Les illustrations sont de véritables tableaux qui tantôt partent dans l’abstrait (les couleurs de la fête qui font écho à la guerre qui éclate, composition verticale de coulées qui semblent exploser au sol), tantôt au contraire sont très réalistes, comme les nombreux portraits d’enfants ou d’adultes, traités avec une grande humanité. Ces tableaux utilisent aussi toute une riche palette de nuances : des grisailles rehaussées de quelques taches de couleur pour le temps de la guerre, taches de couleur qui explosent en jaune vif  lorsque le texte évoque l’éclairage à la bougie. Le tout se clôt se un magnifique portrait de fillette souriante dont les larmes bleues s’envolent vers le ciel : tout un symbole de cet album à la fois sombre et lumineux, qui parle d’espoir et de la nécessité de sauver tous les enfants de toutes les guerres.

Un album sensible, riche, émouvant et porteur d’espoir, un album pour dire ce que les survivants doivent à celles et à ceux qui ont su leur transmettre les valeurs et l’amour qui leur ont permis de rester vivants, et debout.

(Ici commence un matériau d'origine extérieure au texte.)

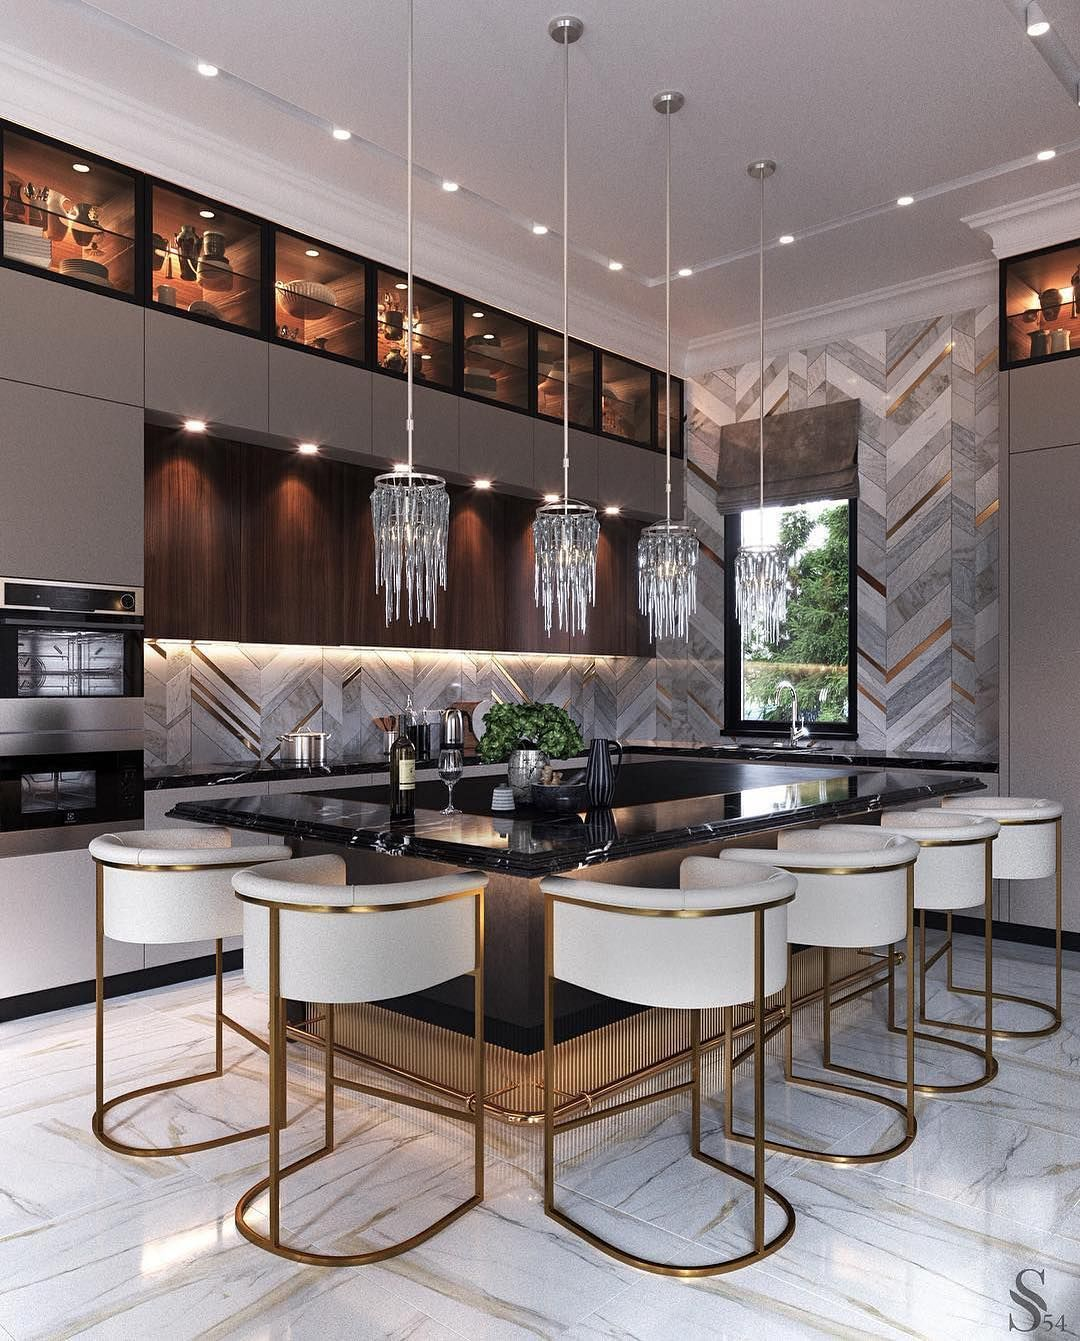 The Luxury Interior S Instagram Post This Is Definitely Kitchen

Pitié, Juliette ! / Allez, Churros !

Pitié, Juliette ! / Allez, Churros !
Tristan Koëgel/ Raphaël Frier
Rouergue (boomerang), 2021

Point de vue animal, point de vue enfantin

Par Anne-Marie Mercier

Churros est un cochon d’Inde ; c’est son point de vue que l’on entend dans une moitié de ce livre (celui-ci fonctionne comme tous ceux de la collection boomerang, mettant chaque texte en vis-à-vis avec un autre). Il se sent vieux et fatigué ; sa « maîtresse » l’exaspère et les amies de celle-ci tout autant, sinon plus. Les situations dans lesquelles Juliette le met (tentative de reproduction, concours de beauté…) sont autant d’épreuves, cauchemardesques pour lui et très drôles pour le lecteur; Churros s’en sort de manière inattendue. Ce tout petit récit est plein de rebondissements et à en plus le mérite de finir bien.
Le point de vue de Juliette est bien différent : loin d’être, comme le croit Churros, en adoration devant son hamster bougon, elle se sert de lui, aussi bien pour tenter de combler sa frustration de ne pas avoir pu convaincre ses parents de l’inscrire à des cours d’équitation que pour entrer en relation de compétition avec d’autres filles. Et si tout finit bien, ce n’est pas de tout pour le motif que croit deviner Churros.
C’est drôle, surprenant, bien raconté (la « voix » du vieux hamster est très réussie, de même que celle de la pauvre Juliette) ; c’est aussi truffé d’exemples de malentendus entre gens qui ne se veulent que du bien, que ce soit entre les parents, entre eux et leur enfant, entre enfants et animaux…
Quant à ceux qui ne sont pas si gentils (copine pimbêche, jeune femelle cochon d’Inde prétentieuse… et même parfois Churros lui-même quand on l’énerve), ils sont joliment ridicules.
Cela fait beaucoup de belles petites choses pour un petit livre, et d’autres, pas si petites, à méditer : le traitement des animaux de compagnie, les relations de compétition entre amis, et la difficulté pour les parents de satisfaire les désirs de leurs enfants.